Information provided:
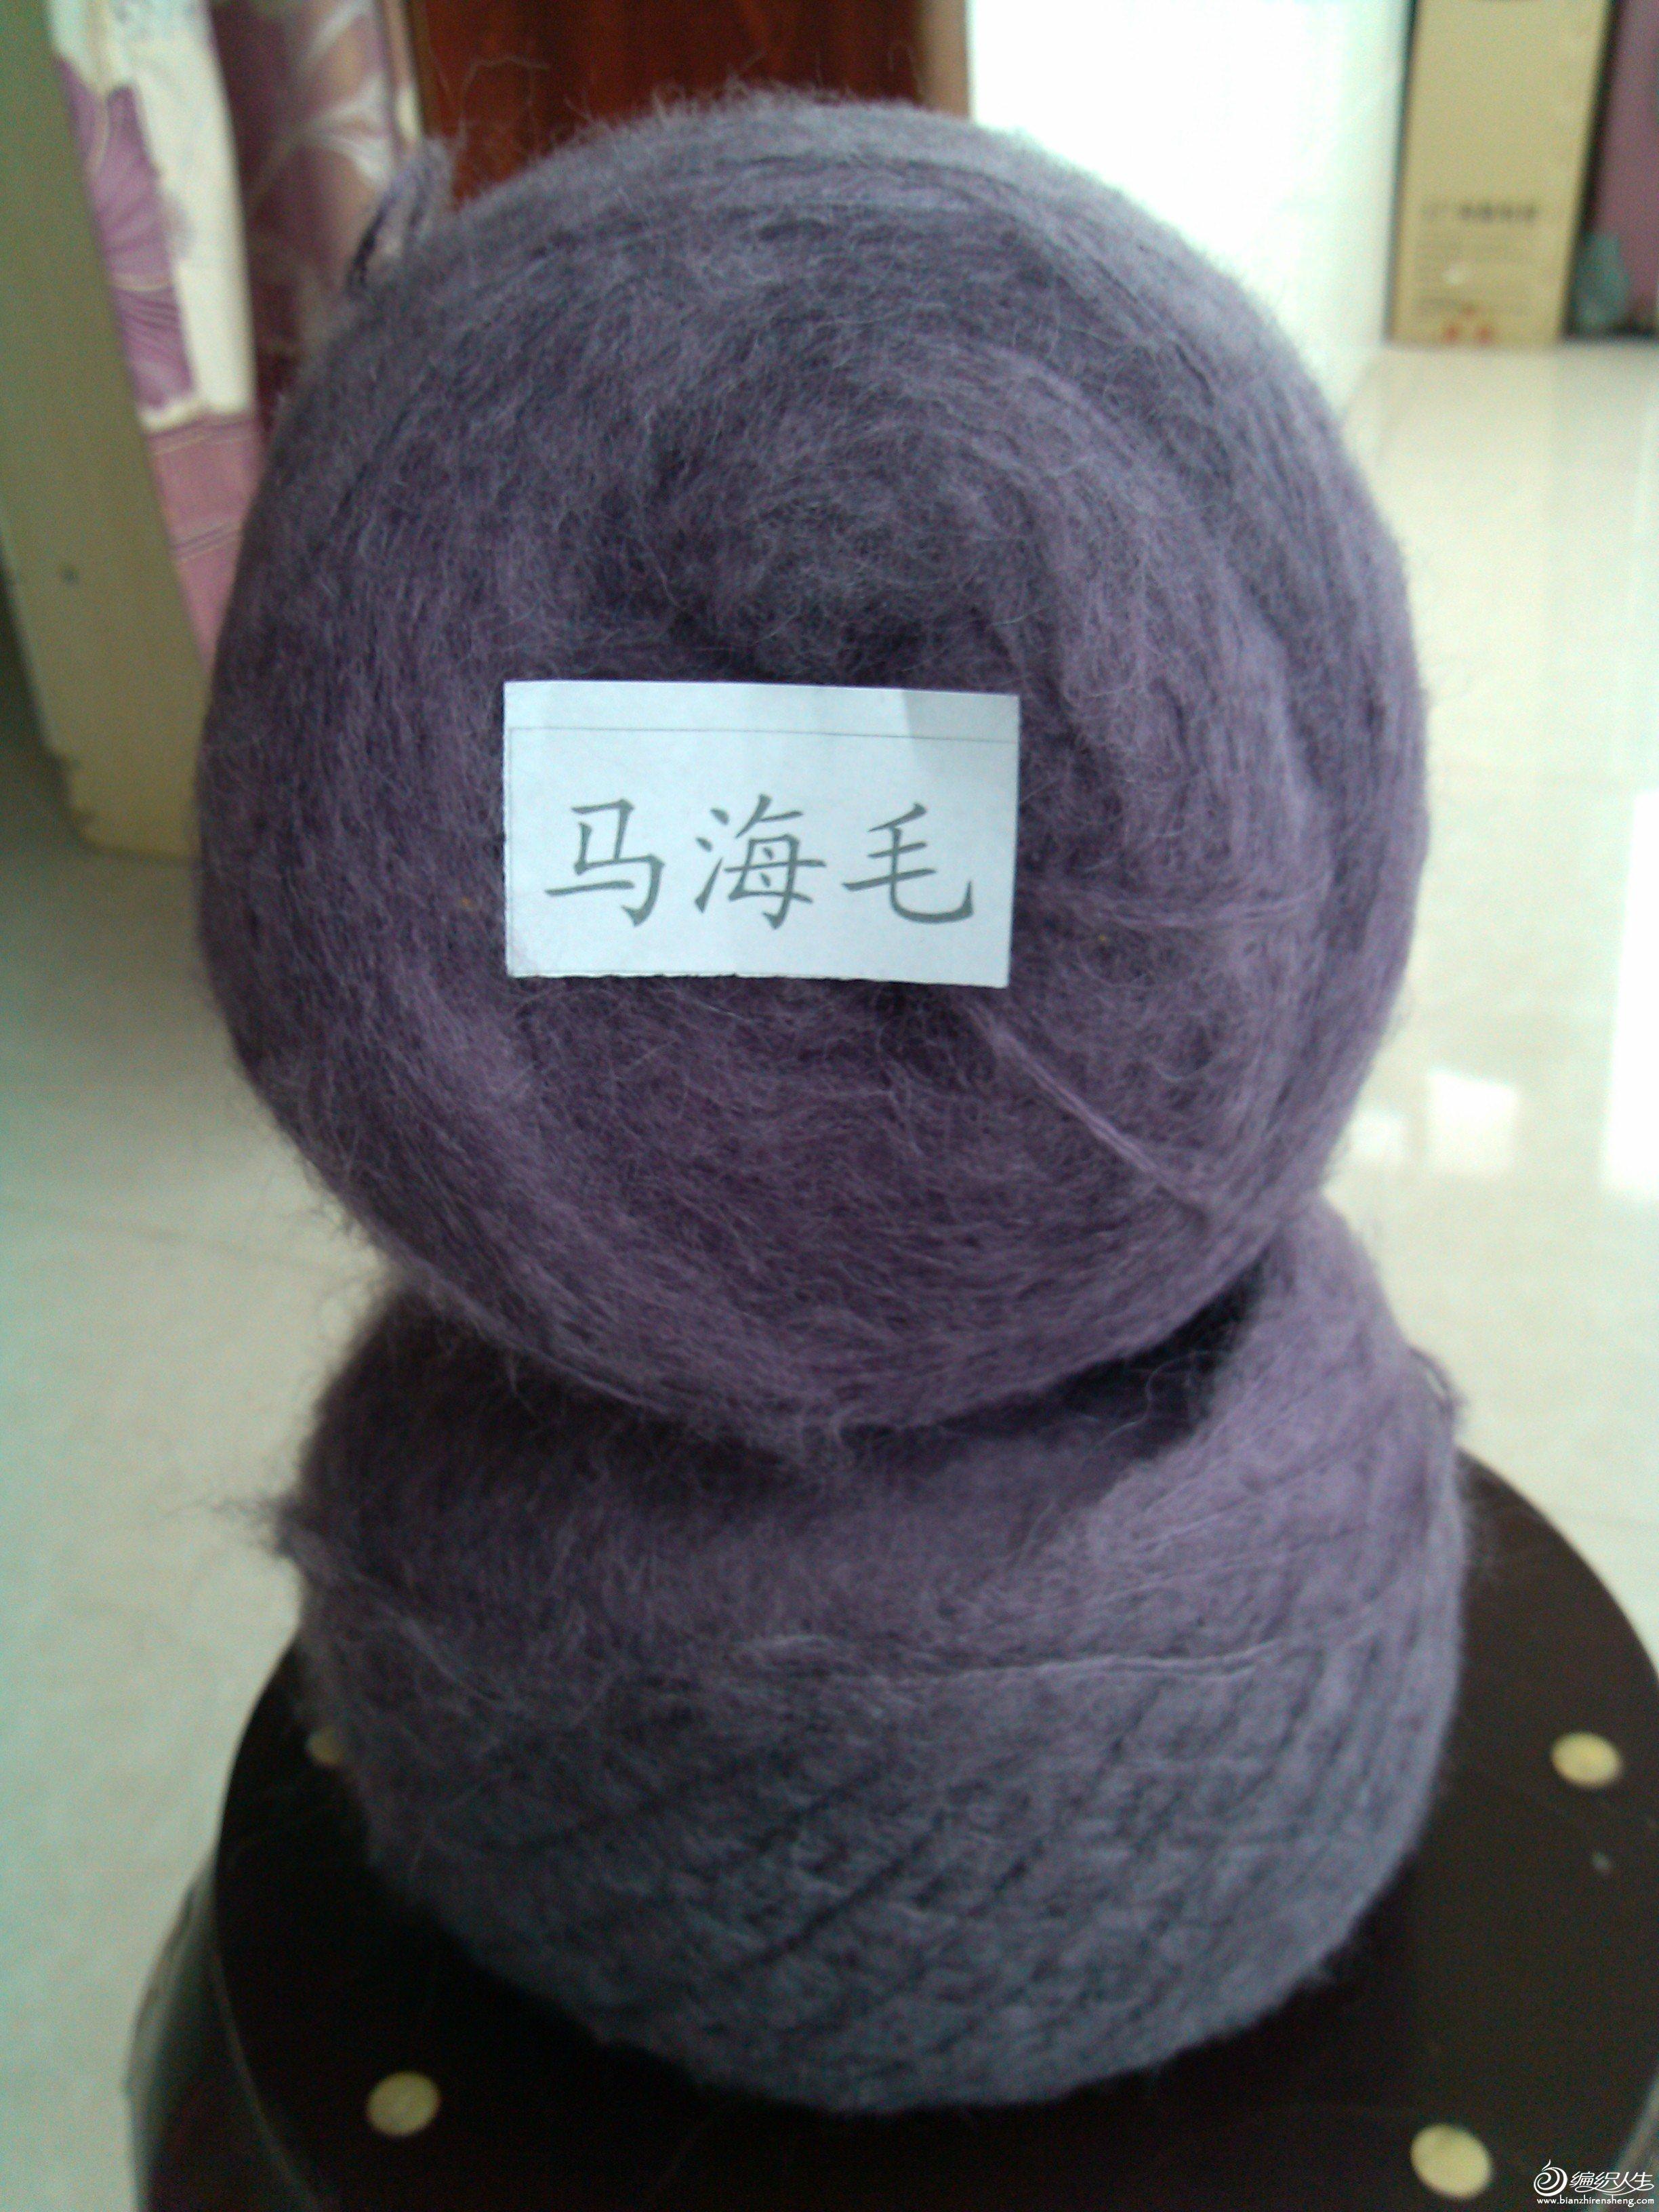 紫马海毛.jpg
---
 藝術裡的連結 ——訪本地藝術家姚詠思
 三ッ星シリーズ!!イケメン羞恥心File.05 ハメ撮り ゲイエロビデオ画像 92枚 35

What you should do: Copy out precisely the lines from the line with "藝術裡的連結 ——訪本地藝術家姚詠思" to the line with "三ッ星シリーズ!!イケメン羞恥心File.05 ハメ撮り ゲイエロビデオ画像" in the material above, including those two lines and omitting all the rest.

Answer for this exercise:
 藝術裡的連結 ——訪本地藝術家姚詠思
 三ッ星シリーズ!!イケメン羞恥心File.05 ハメ撮り ゲイエロビデオ画像 92枚 35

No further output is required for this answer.